I will never, ever forget the strong embrace of the three-point seat belts which arrested my otherwise-certain meeting with the steering wheel and windshield. My first thought was “what a great day to not be driving the Model A or the Thunderbird, neither of which had any seat belts at all. I had actually considered driving one of the beltless Fords because I was in an old-car-mood that morning. But had decided against both of them because taking the Colt (which was parked out front at the curb) was less effort than getting one of the others out of the garage.
The police were called, reports were taken, and I was driven home in what has been my only ride in the back seat of a police car. Jitters from a lack of coffee was my only injury but my little Colt was not so fortunate and went away on the back of a flatbed. The other driver was at fault and his insurance company pronounced the Colt totaled. I did not disagree with them, because it was a pretty hard hit of the right front corner of a FWD car. An old, cheap FWD car. Marianne did not cry about this one, which had originally been chosen more out of budget constraints than about what she really wanted.

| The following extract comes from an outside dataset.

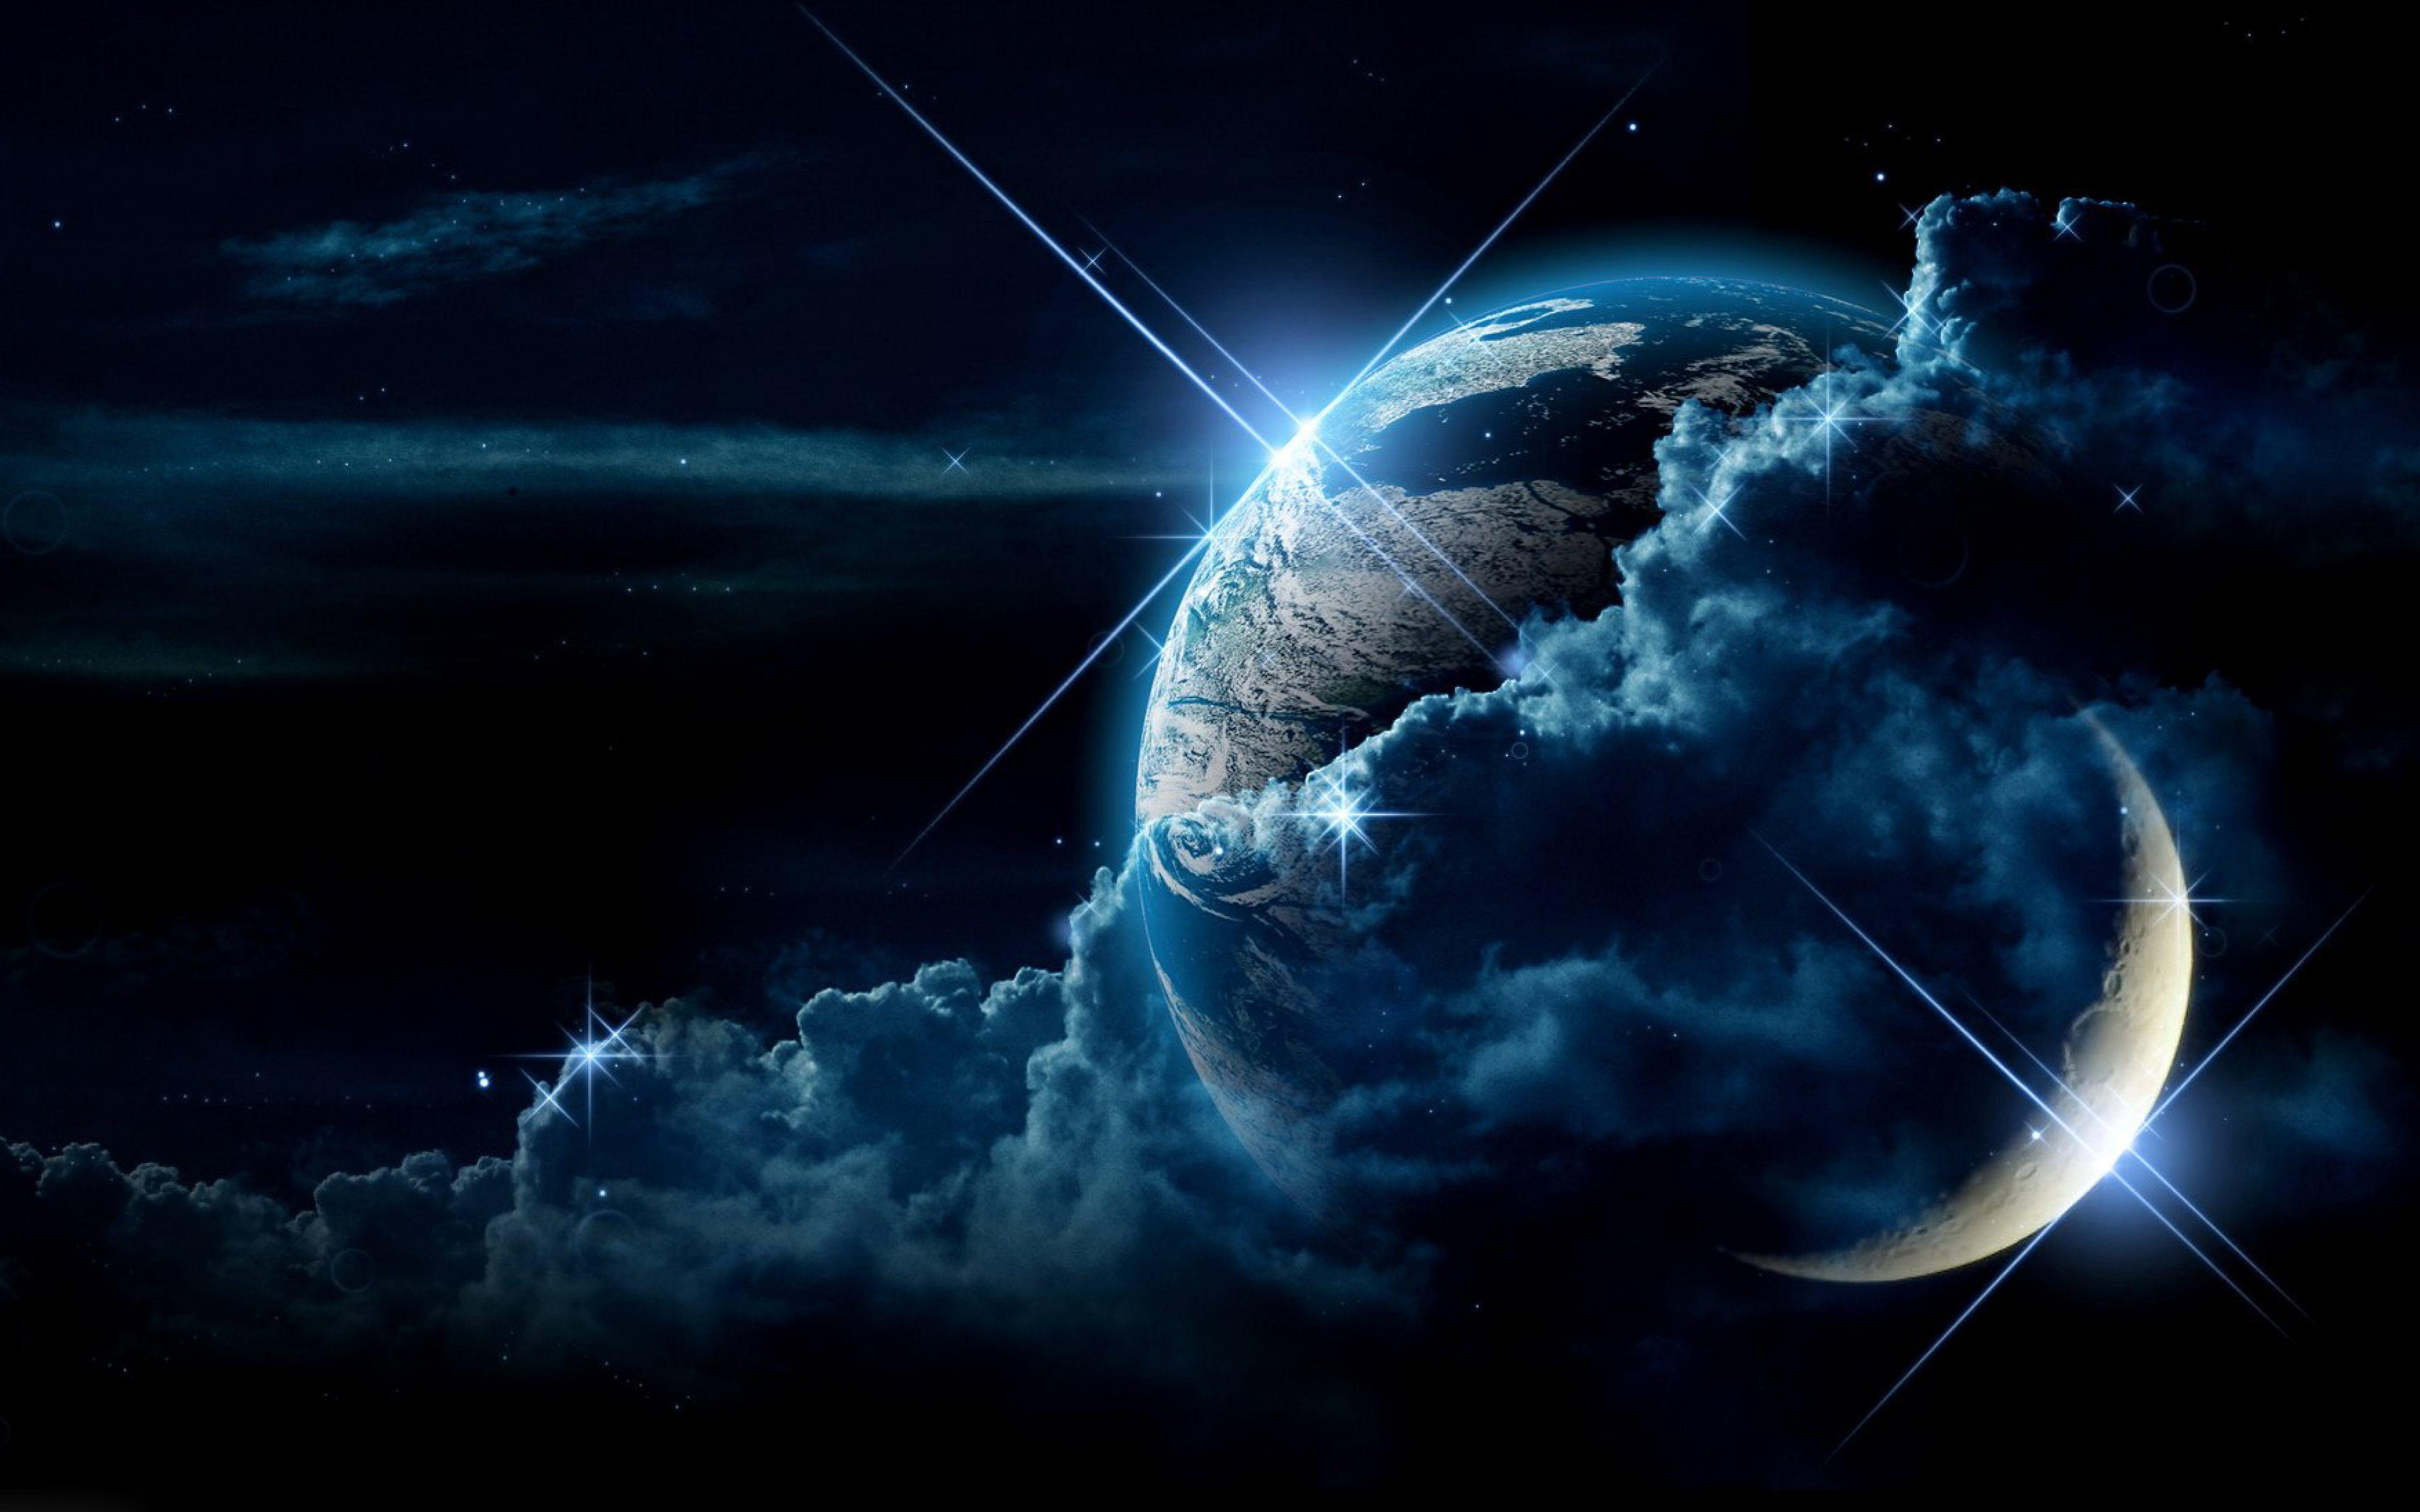 Earth and Moon in Space Wallpaper Download 4K Resolution. Cool background, Cool background pics, Night sky tattoos

In the early 1990’s, older subcompact cars were not valuable items and I had to fight like crazy to get a reasonable payment from the insurer. That is the downside of driving a really nice older car – all of the insurance value guides give prices for “average” cars. They do not give prices for the exceptional ones. It took a small claims suit to get them to an amount anywhere close to my car’s value, but we got there and that was that.

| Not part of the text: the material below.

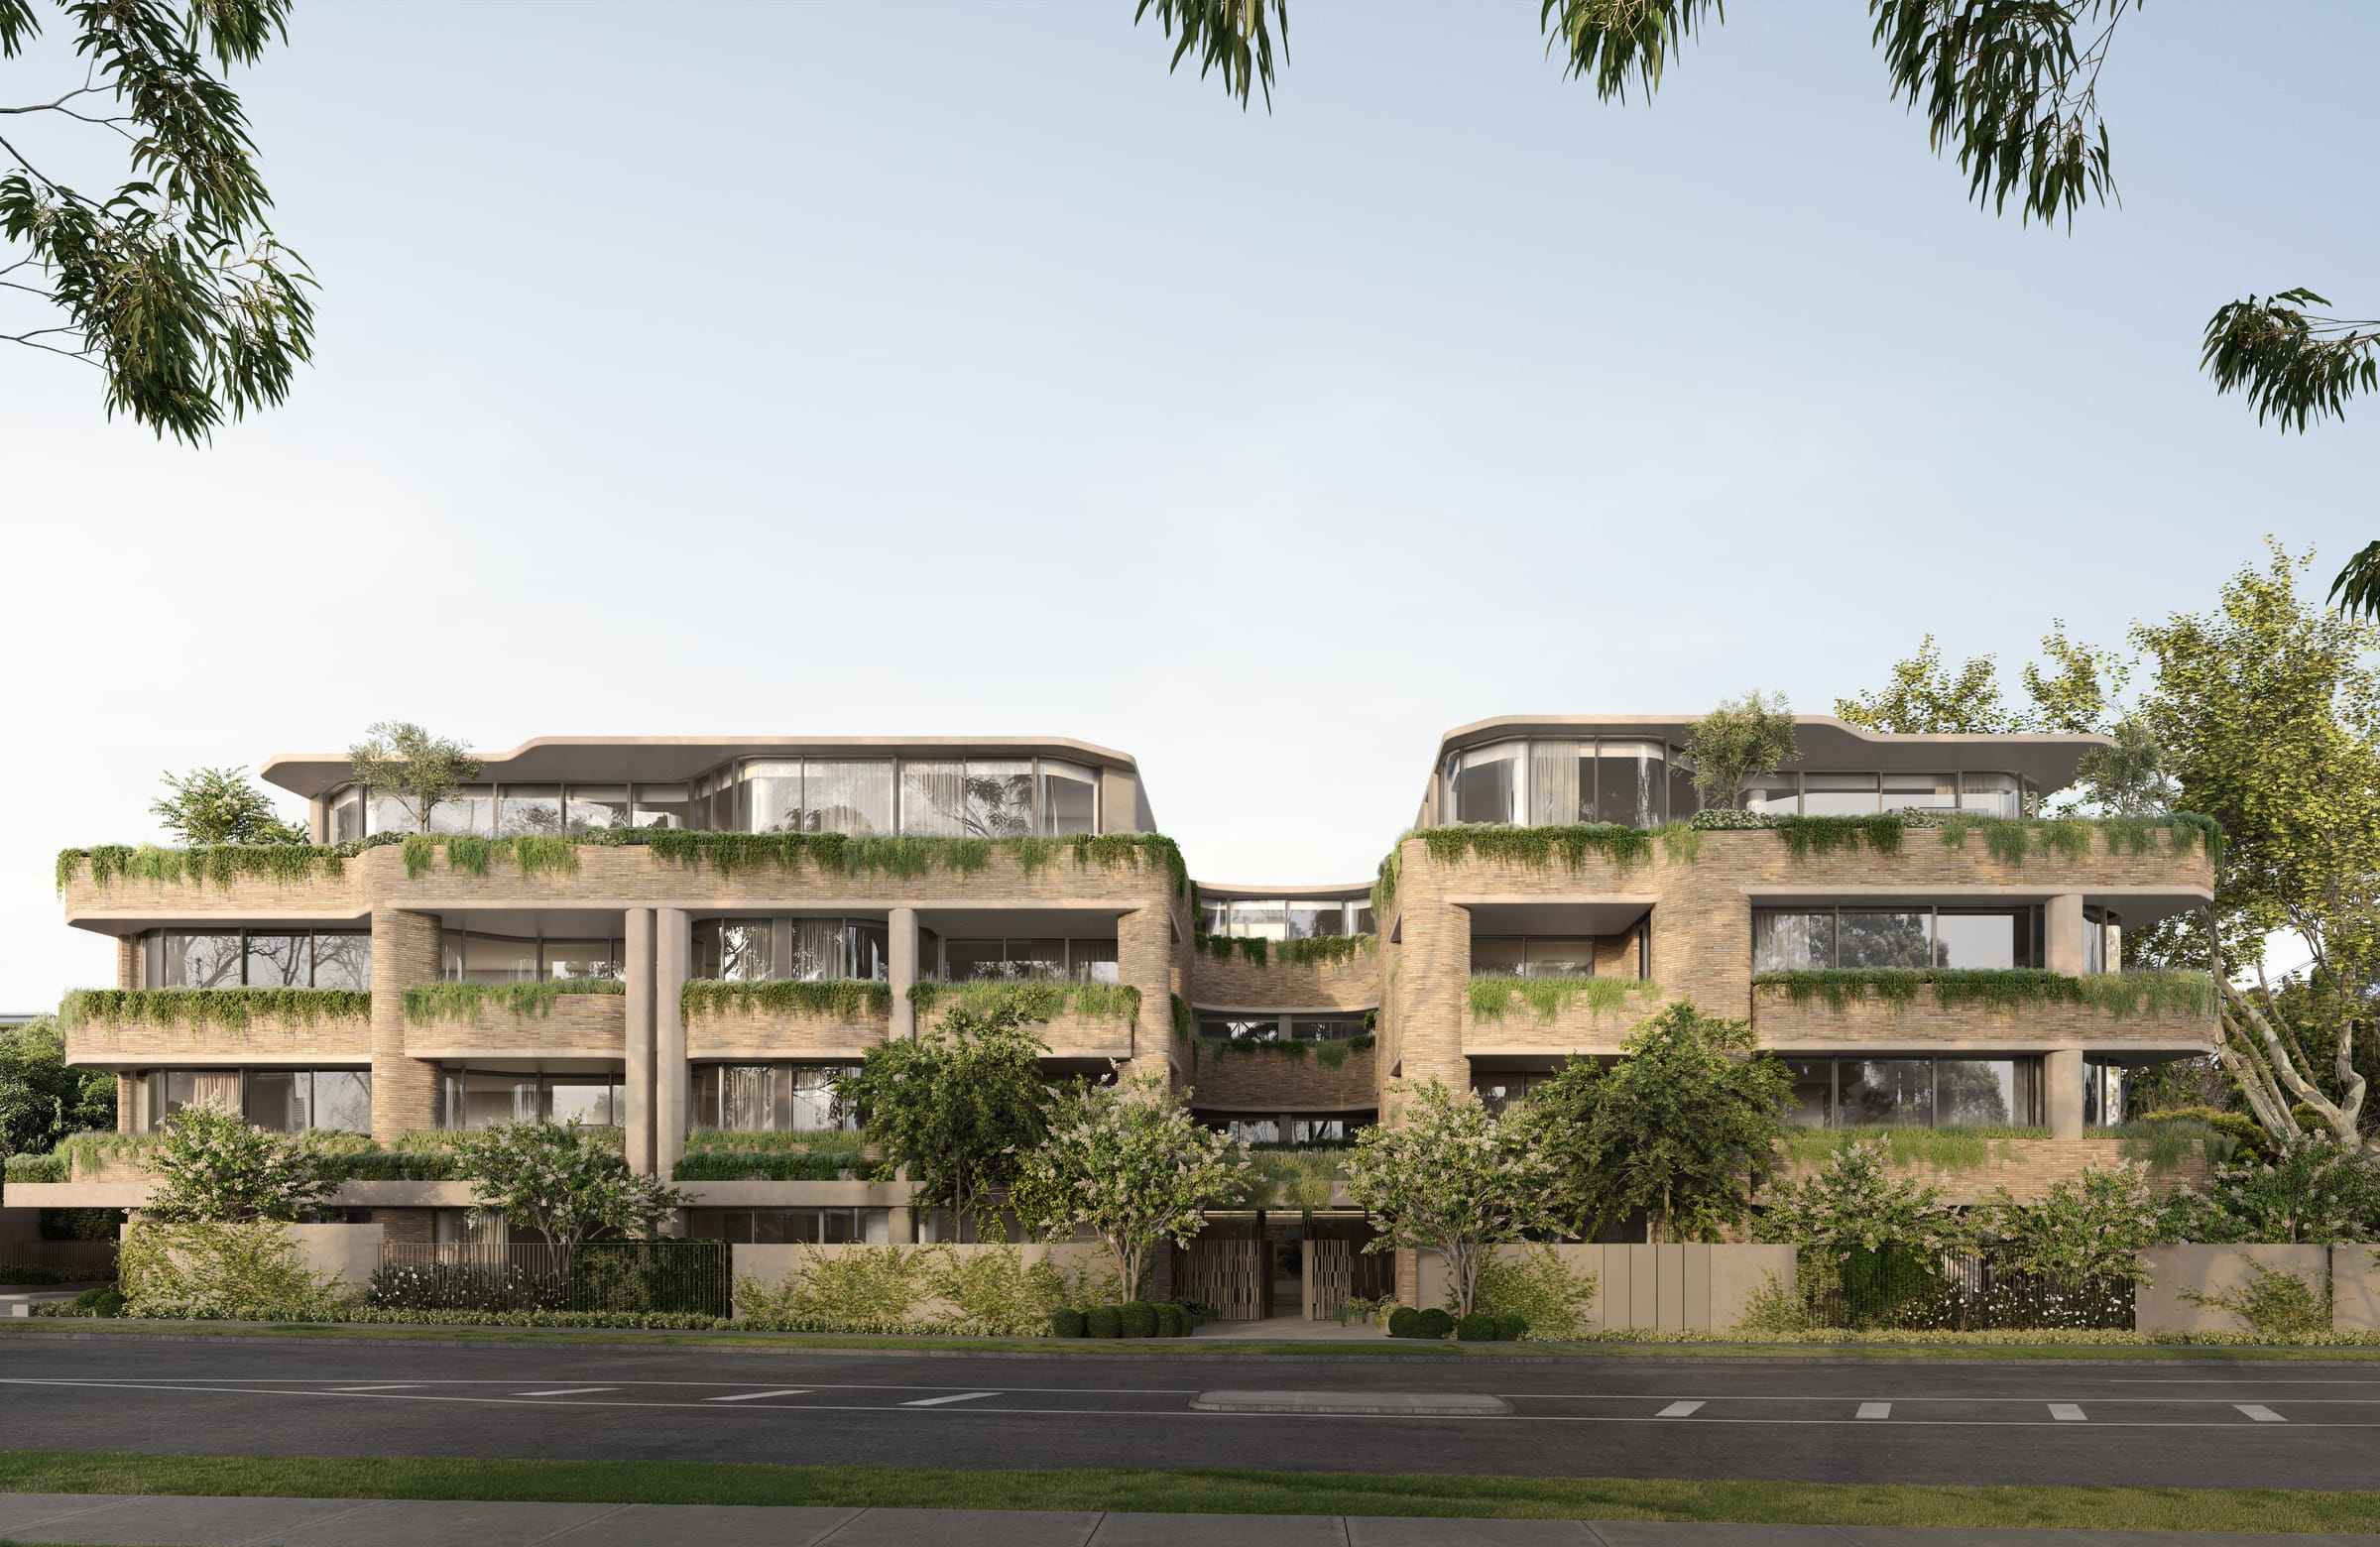 Como, Toorak by Prime Edition.Exterior view of a modern residential complex with multiple levels. The architecture incorporates organic elements, with greenery draping over the balconies of each unit. The building is structured with clean lines and rectangular forms, offering a harmonious blend with the natural surroundings.

The postscript to the Colt story was that I got a rental while I looked for a replacement. My rental was a fairly new Toyota Camry sedan, much like the one shown here. It was a great chance to do a one-to-one comparison with the ’88 Accord that I had found so humdrum. It was during my couple of weeks with that Camry that a switch was flipped and my preferences became clear – between Honda and Toyota, I would henceforth be a Honda Guy. The Camry was nice and all, but it lacked the personality, the style and the driving dynamics of the Honda. I didn’t expect the Camry to be as fun as the Colt. But it was not even as fun as our Honda. I still considered our Honda as a dull appliance, but my dullness meter was recalibrated after time with the Camry. I remember looking at the dash and interior of the Camry as I was parked at the curb in front of my house one morning, thinking that it was the Oldsmobile Cutlass Ciera of Japanese cars. From that moment forward I never again thought of the Accord as a snoozer. Had I the opportunity to re- compare them at 15 years in the salty climate and 150k+ miles my switch might have flipped the other way, but we will never know.
Soon enough the rented Camry was replaced with my next set of cheap wheels. Those cheap wheels would not be as fun as the Colt – but then few cars could be. It would also not be as trouble-free as the Accord. But that next car would be a lot more interesting than the Camry.